**EXERCISE**
Transcribe the listing exactly as written. Leave the images out.
===== RECORDED INFORMATION =====
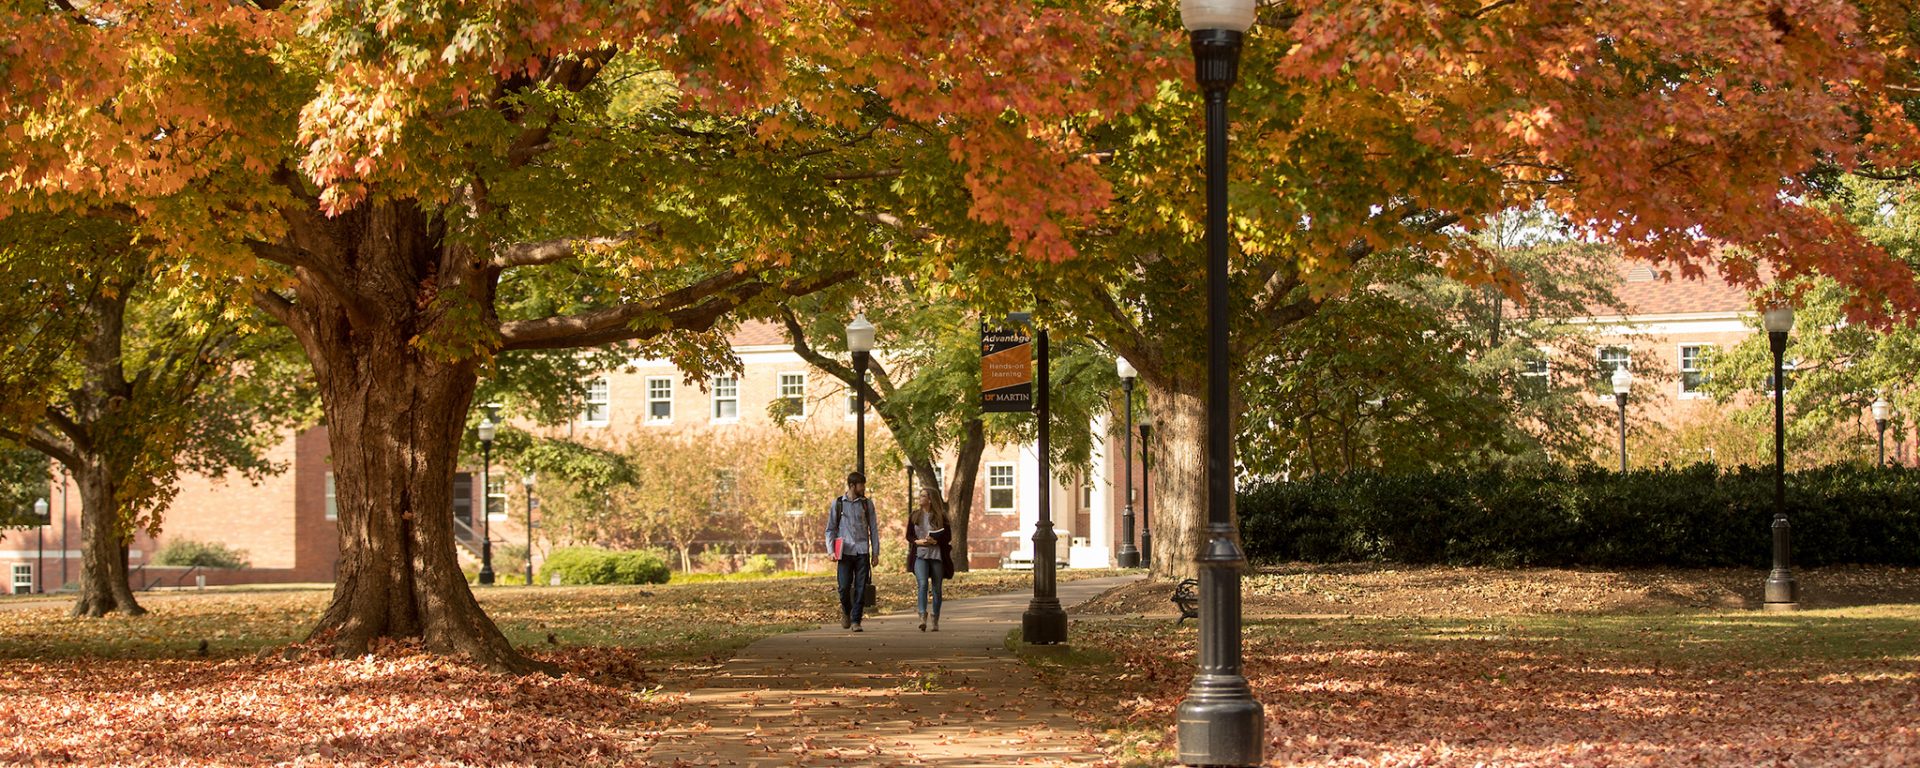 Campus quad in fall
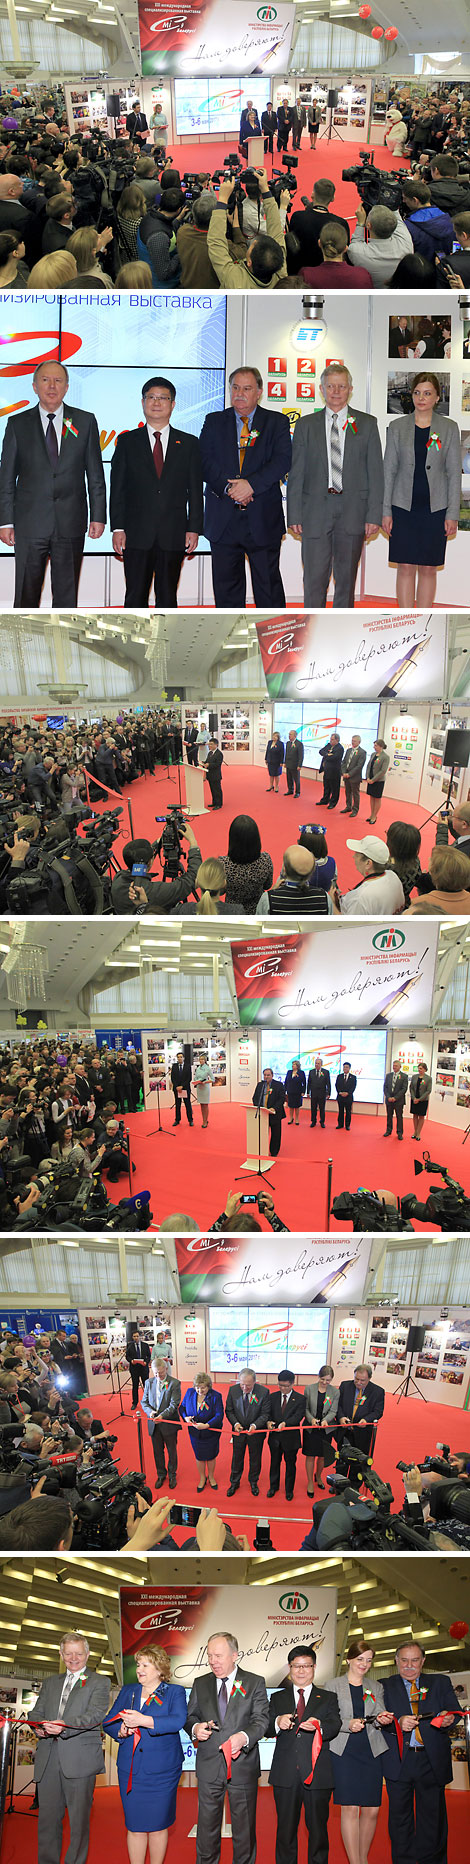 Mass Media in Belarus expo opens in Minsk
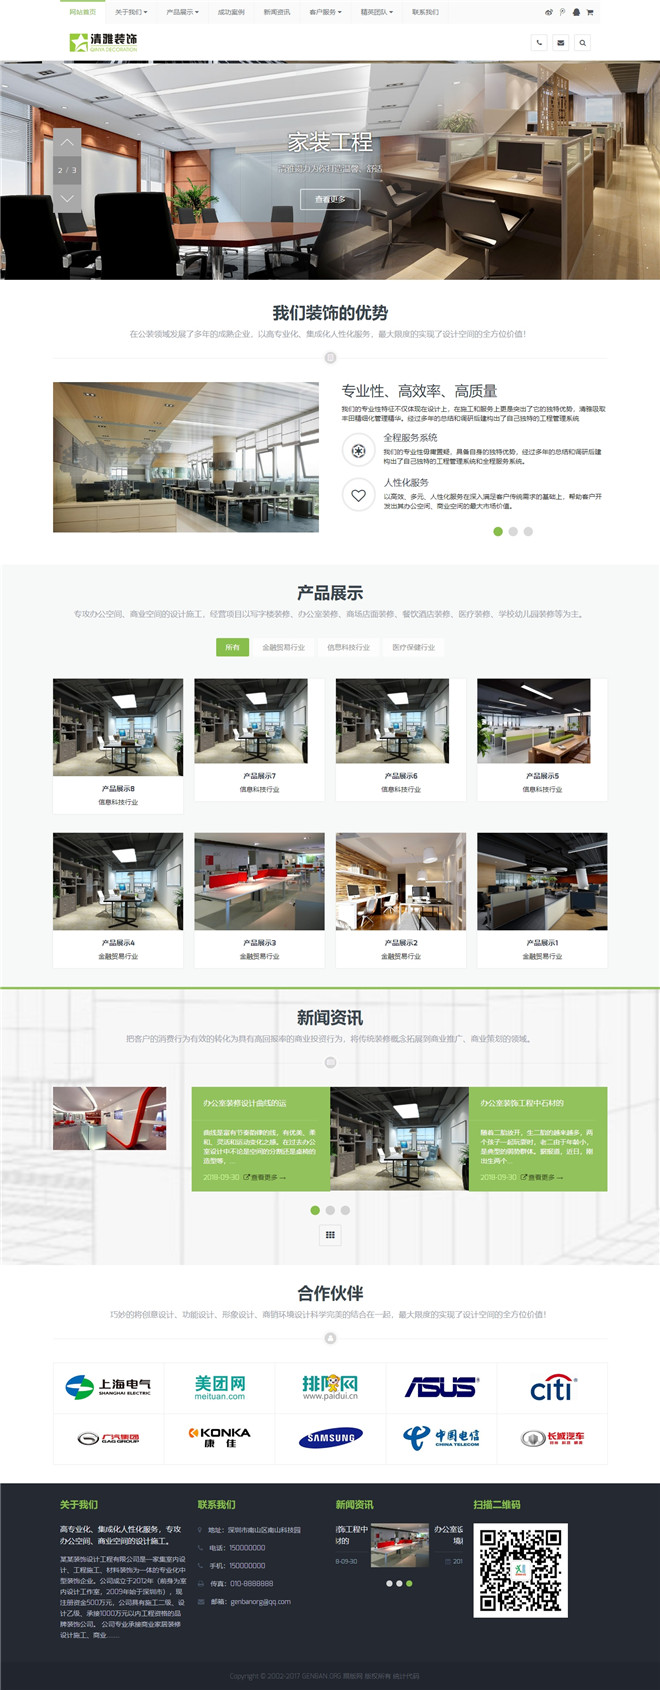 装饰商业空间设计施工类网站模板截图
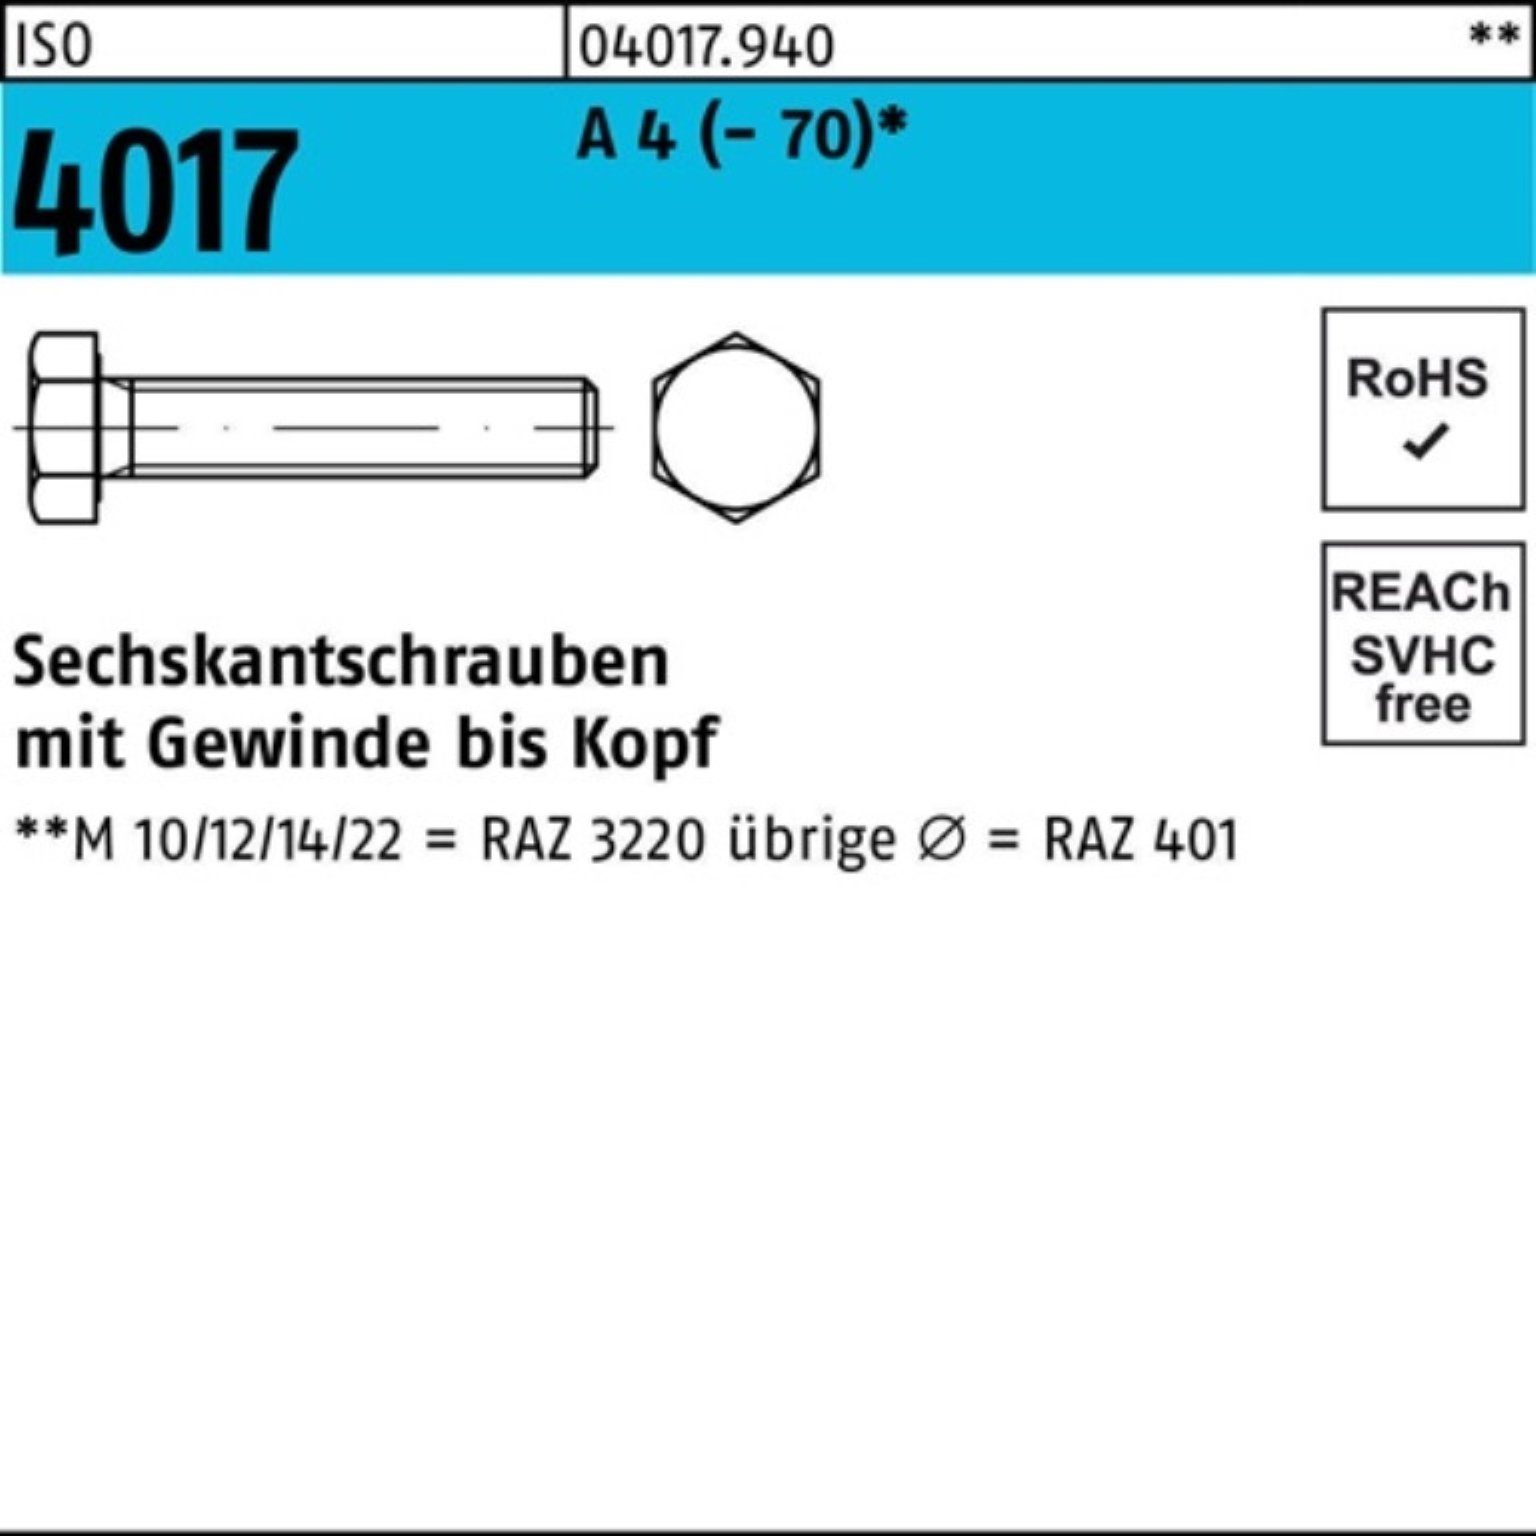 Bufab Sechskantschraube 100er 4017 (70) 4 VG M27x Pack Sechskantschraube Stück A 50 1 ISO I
=====
**RESPONSE AREA**
 Campus quad in fall
 Mass Media in Belarus expo opens in Minsk
 装饰商业空间设计施工类网站模板截图
 Bufab Sechskantschraube 100er 4017 (70) 4 VG M27x Pack Sechskantschraube Stück A 50 1 ISO I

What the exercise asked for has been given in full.